- Directed by: Tom Musca
- Written by: Mark Kemble Tom Musca
- Cinematography: Arturo Smith
- Distributed by: A-Pix Entertainment, Ardustry Home Entertainment LLC
- Release date: 1998;
- Running time: 104 minutes
- Country: United States
- Language: English

= Melting Pot (film) =

Melting Pot (also known as Race) is a 1998 American drama film directed by Tom Musca, writer and producer of Stand and Deliver.

==Premise==
Gustavo Alvarez is a Latino house painter who resides in Los Angeles.

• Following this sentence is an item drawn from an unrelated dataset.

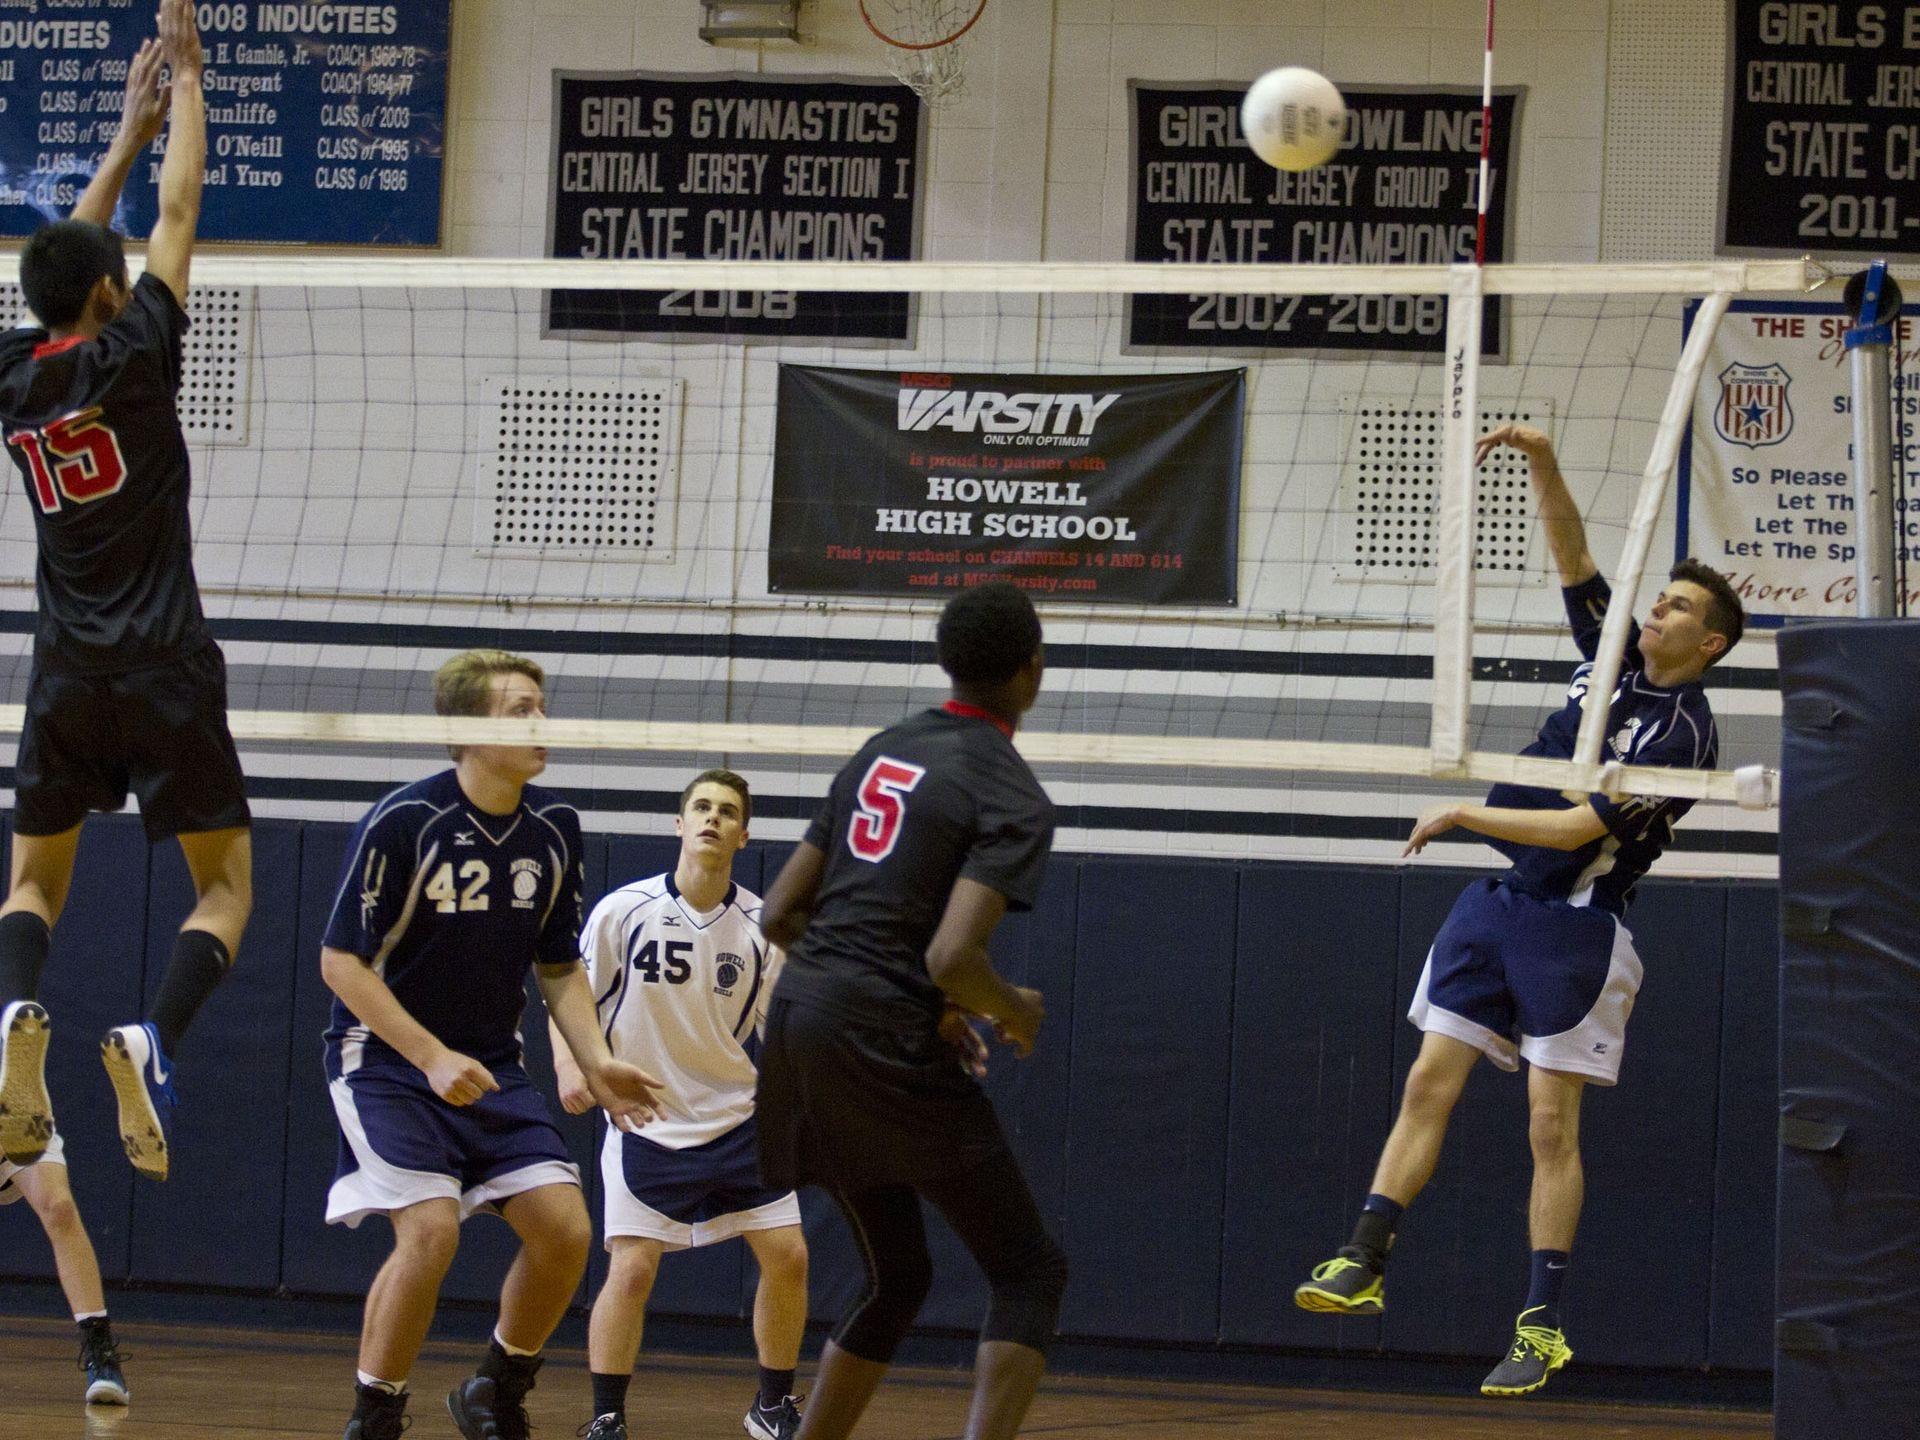 Boys volleyball

His wife urges him to compete for a seat on the city council now that Councilman Jack Durman has retired from politics. Alvarez decides to run but soon realizes that it will not be an easy fight. His opponent, Lucinda Davis, is an experienced black politician who is eager to win. As the campaign intensifies, things get nasty, and a race war nearly erupts.

==Cast==

- Paul Rodriguez - Gustavo Alvarez
- CCH Pounder - Lucinda Davis
- Cliff Robertson - Jack Durman
- Una Damon - Chungmi Kong
- Annette Murphy - Reyna Álvarez
- Efren Ramirez - Miguel Álvarez
- Lillian Hurst - Grandma Álvarez
- Peter Krause - Pedro Marine
- Danielle Nicolet - Deuandranice
- Jude Herrera - Dolores
- Winston J. Rocha - Carlos
- Brian Poth - Walter Cahill Jr.
- Leticia Robles - Latina reporter
- Bruce Sabath - White cop
- John C. Mooney - Walter Cahill Sr.
- Paul Bartel - Moderator
- Luis Guizar - Iannicito

==Reviews==
It was reviewed with 2,5 stars in Chicago Tribune. Wrote Doug Pratt, "The jacket art tries to sell the film as a gang drama, but it is more of a seriously toned comedy. While exaggerations of the political process prevent it from being totally believable, it does offer insights and humor on a subject that is far less covered than it ought to be in popular entertainment. Best of all, the characters played by Pounder and Rodriguez are neither good nor bad, and the flaws in their characters, acerbated by the stress of the election, brings focus not only to their humanity, but to the realities of American civics".